* [Your goal] Everything below from the line with "A CD Drive fit for a 2000!" through the line with "An apparatus made" must be retyped exactly, except the pictures.

* [The records]
###
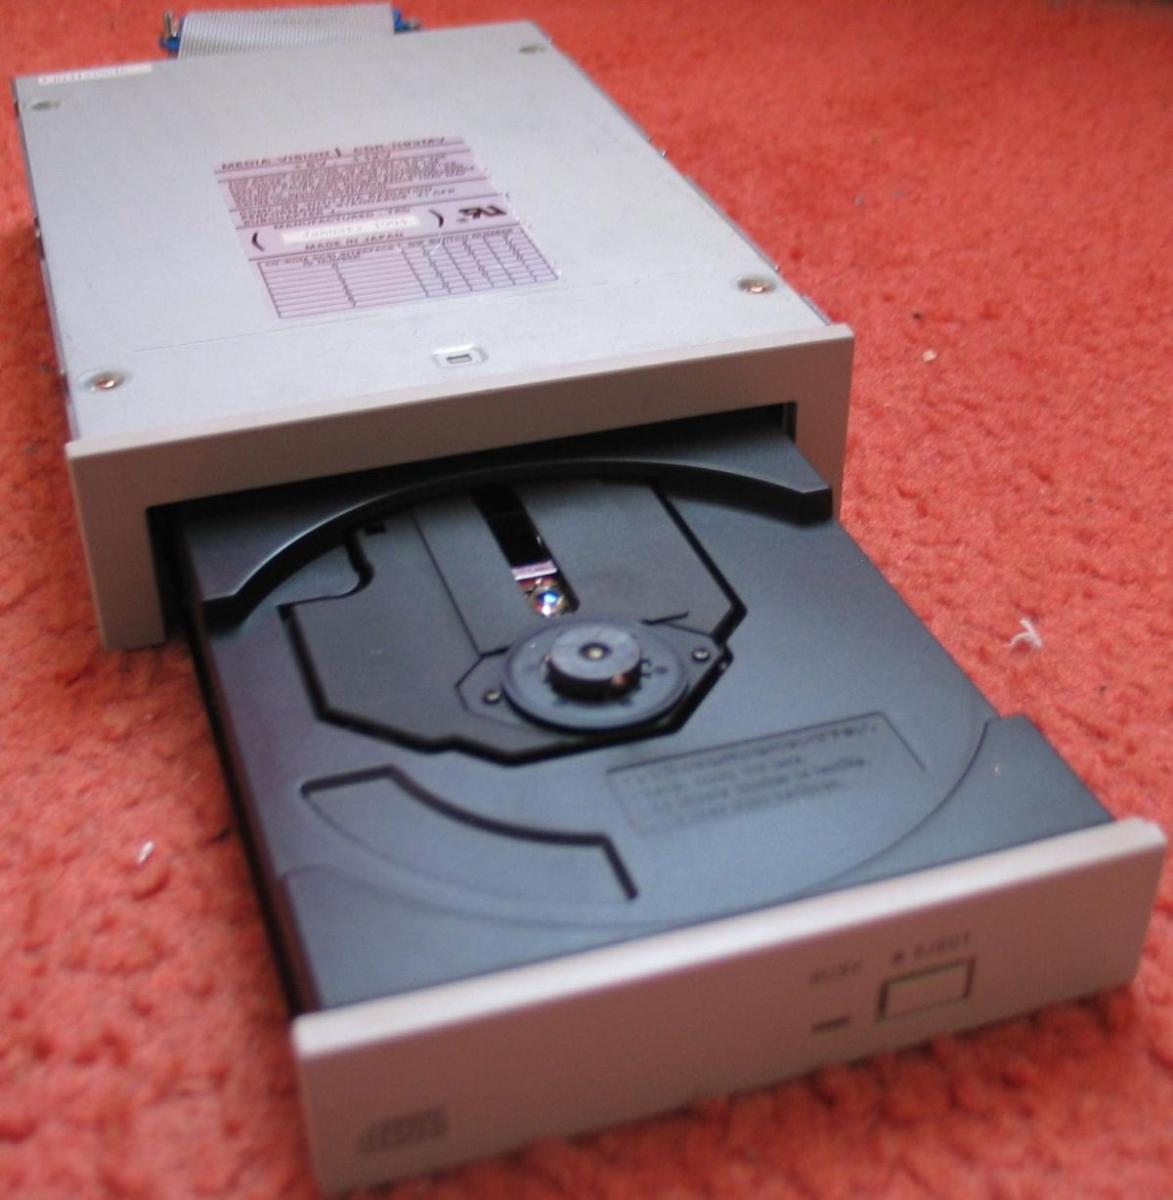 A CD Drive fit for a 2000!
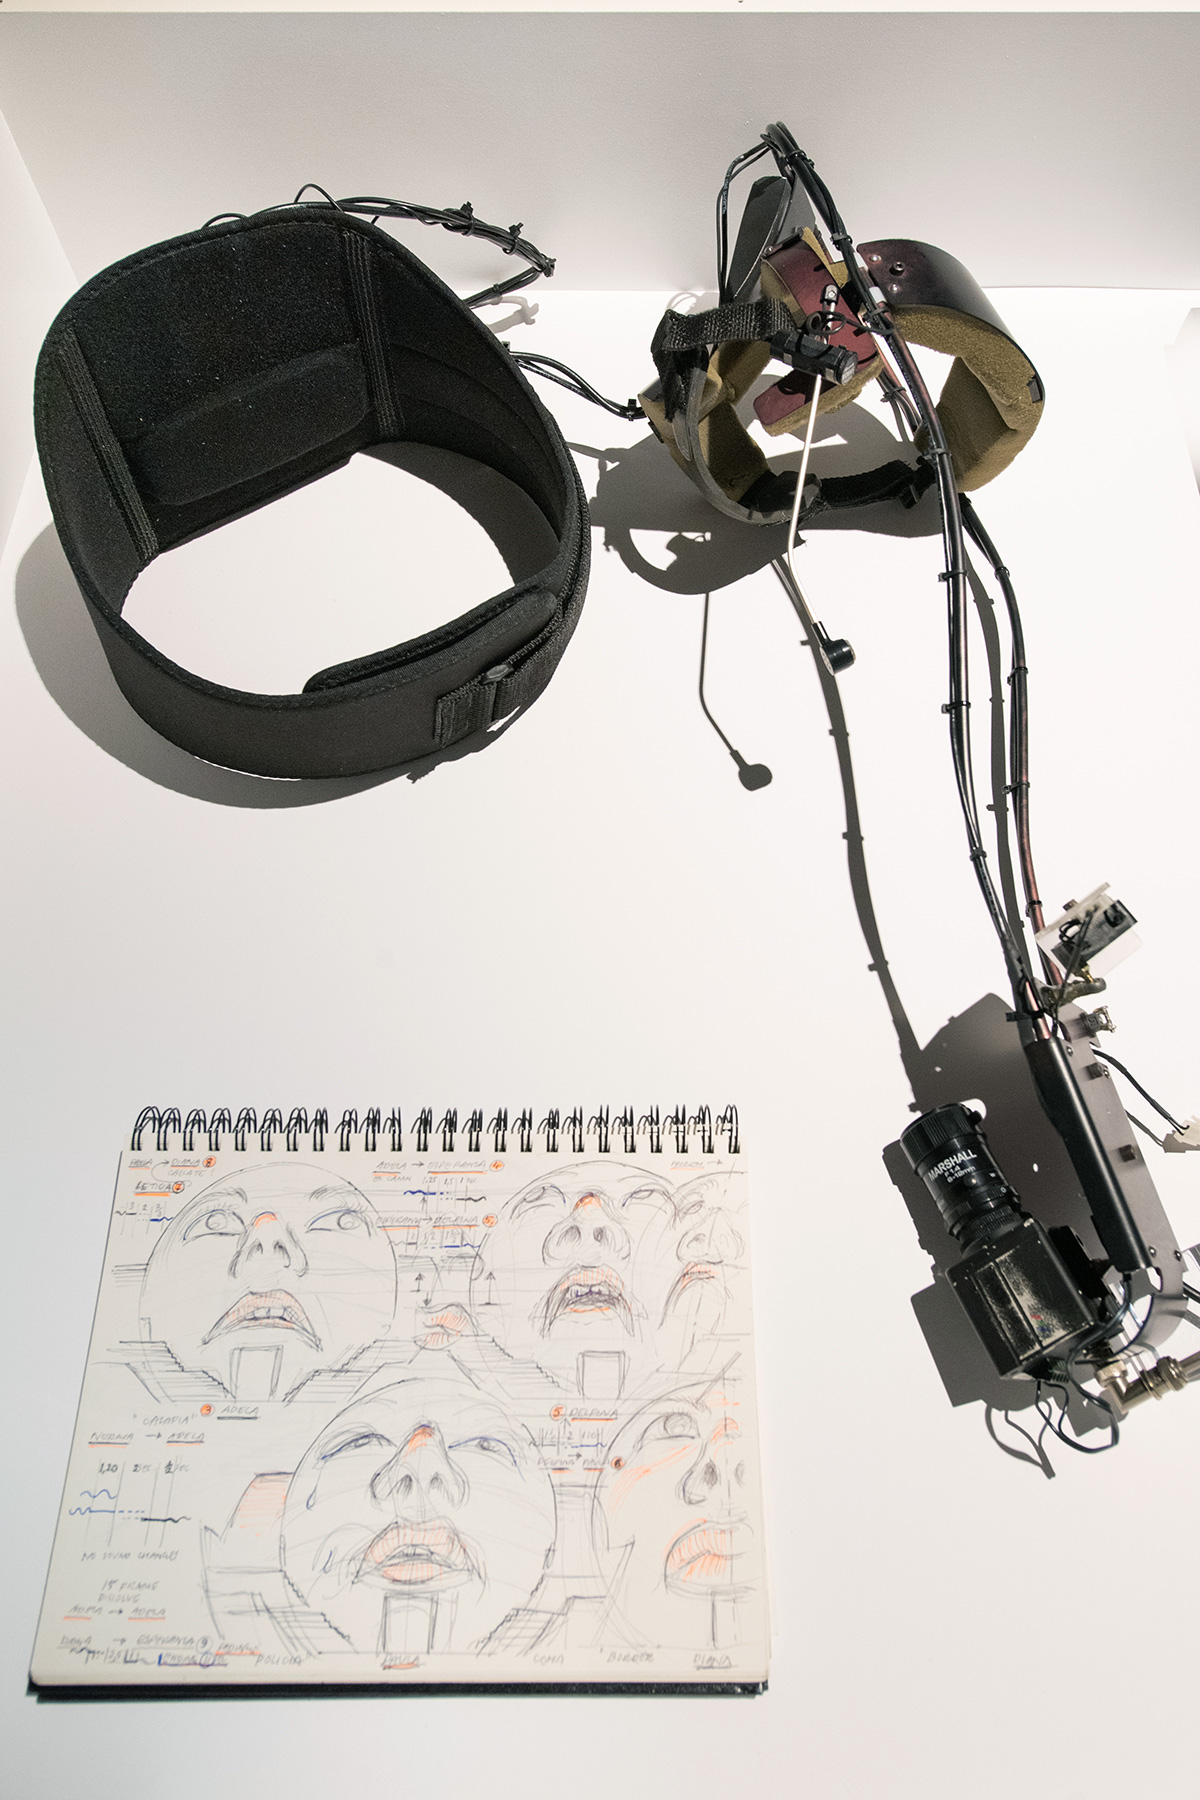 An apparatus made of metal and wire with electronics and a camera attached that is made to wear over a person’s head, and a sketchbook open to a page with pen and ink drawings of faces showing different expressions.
###
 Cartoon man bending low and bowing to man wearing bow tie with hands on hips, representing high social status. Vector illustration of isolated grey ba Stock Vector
###
* [Solution for this task]
 A CD Drive fit for a 2000!
 An apparatus made of metal and wire with electronics and a camera attached that is made to wear over a person’s head, and a sketchbook open to a page with pen and ink drawings of faces showing different expressions.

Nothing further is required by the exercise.